Я был "несоюзным", в Самарканде моя очередь на бирже труда значилась под номером 1608, а за последний месяц на работу направили всего девяносто шесть человек, из них "несоюзных" только семнадцать. Я понял, что на биржу труда рассчитывать нечего, надо искать работу самосильно, и не в больших городах, а в селениях, подальше от железной дороги.
Канибадам, районный центр, хотя и числился городом, был на самом деле большим селением. Фабричные и заводские трубы не высились над его плоскими крышами, гудки не оглашали окрестностей бодрым утренним призывом к труду. Канибадам жил садами, ремеслами и торговлей, жил неторопливо, в лад произрастанию садов. Базарную площадь окружала цепь чайхан, был крытый ряд и, кроме того, множество мелких мастерских и лавчонок в примыкающих переулках. Казалось, все население Канибадама занимается только торговлей и перегоняет деньги друг другу по замкнутому кольцу. А мне нечем было торговать, и я оставался вне кольца. Что я буду здесь делать, чем жить?
Денег у меня оставалось четырнадцать рублей с полтиной - копейка в копейку. И еще пять неприкосновенных рублей, зашитых в куртке. Но я уже привык считать их как бы несуществующими.
Первую ночь я провел в чайхане: две лепешки, миска плова, чайник чаю, ночлег пятьдесят пять копеек. Такой размах мне был не по карману, утром я пошел искать жилье не дороже чем за три рубля в месяц. Я проходил мимо резных ореховых калиток, зная, что за ними живут богатые люди, не имеющие нужды в трех рублях от меня, и стучал в простые дощатые калитки. И везде мне отзывались только женские голоса - мужчин не было дома: торговали.
Но "стучите - и отверзется". Одна из калиток открылась, я увидел перед собой человека лет сорока, среднего роста, слегка рыжеватого, с бородкой и усами. Он смотрел на меня хмуро и заспанно. Без всякой надежды на успех я изложил ему свою просьбу. Он подумал, почесал волосатую грудь.
- Ты откуда? - спросил он.
- Из Коканда, - ответил я.
- У тебя есть отец, мать?
- Да, есть.
- А что делает твой отец?
- Он учитель - домулло, - ответил я. - Мы немного поспорили, и я ушел из дому.

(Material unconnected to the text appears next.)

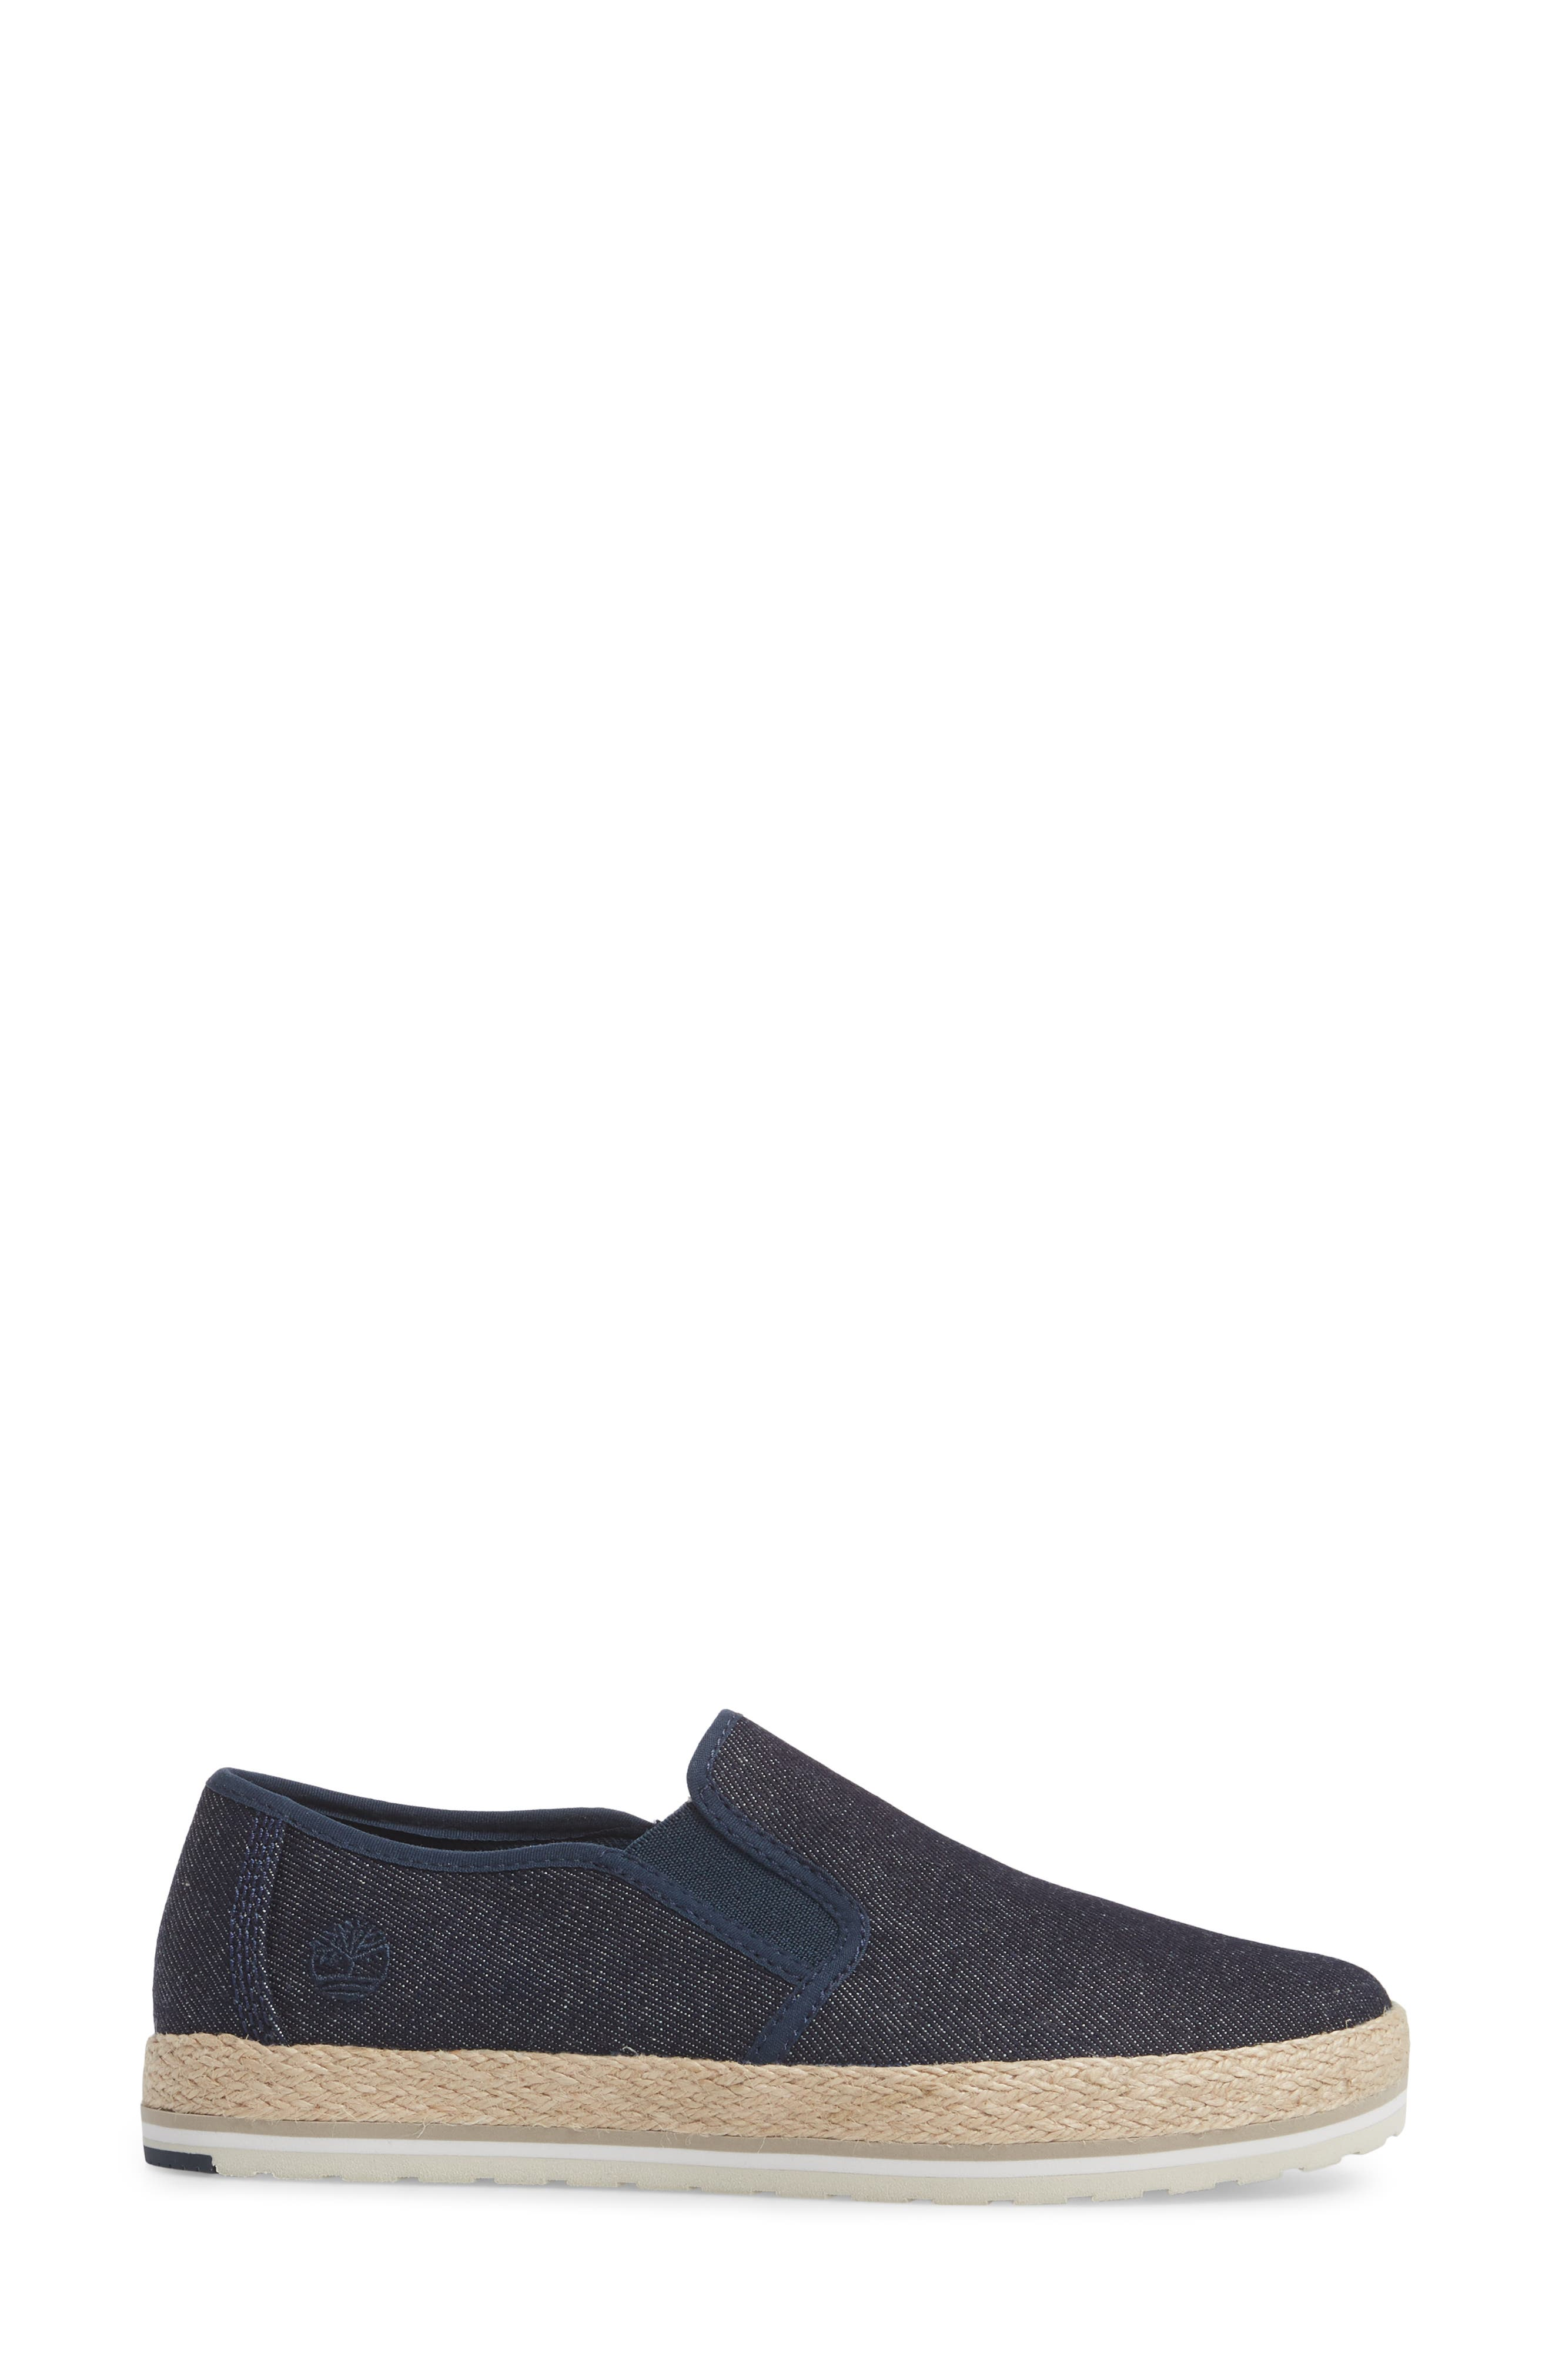 Eivissa Sea Slip-On Sneaker,                             Alternate thumbnail 3, color,                             Navy Canvas

- Нельзя спорить с отцом, особенно если он домулло, - наставительно произнес мой собеседник. - Значит, он правильно говорит, если он домулло. А ты взял и ушел. Это нехорошо с твоей стороны, это непочтительно.
Я привожу весь разговор в подробностях, чтобы подчеркнуть свойственное узбекам патриархальное доверие и отвращение ко лжи. "Отец лжи - дьявол", - они это всегда помнили. Я тоже старался не лгать без крайней необходимости, мой собеседник почувствовал своей бесхитростной душой правду в моих словах.
- Обойди забор, - сказал он. - Увидишь в заборе большой пролом, входи, я тебя встречу.
Я обошел длинный забор - дом стоял крайним к пустырю, - увидел пролом и вошел через него внутрь усадьбы. Хозяин ждал меня под виноградником, сбоку стояло какое-то строение, одна его половина была полуразрушенной, вторая - целой, с окном и дверью. Дальше высился забор, отделявший эту нежилую часть усадьбы от хозяйской, жилой.
Осмотрели предназначенную мне комнату - обычную узбекскую комнату со множеством неглубоких ниш в стенах для одеял и посуды. Количеством одеял в нишах обозначался достаток хозяина. Сейчас ниши пустовали за отсутствием хозяина; когда я снял комнату, они остались такими же пустующими, соответственно моему достатку.
Хозяина моего звали Джурабай Алимджанов, он служил районным лесообъездчиком - странная должность для района, начисто лишенного лесов. Он получал сорок рублей в месяц и за эти деньги исправно высиживал свои служебные часы в канибадамских чайханах, ибо ездить ему было некуда и незачем. А в остальном он был человеком очень хорошим, добрым и угнетенным особыми семейными обстоятельствами.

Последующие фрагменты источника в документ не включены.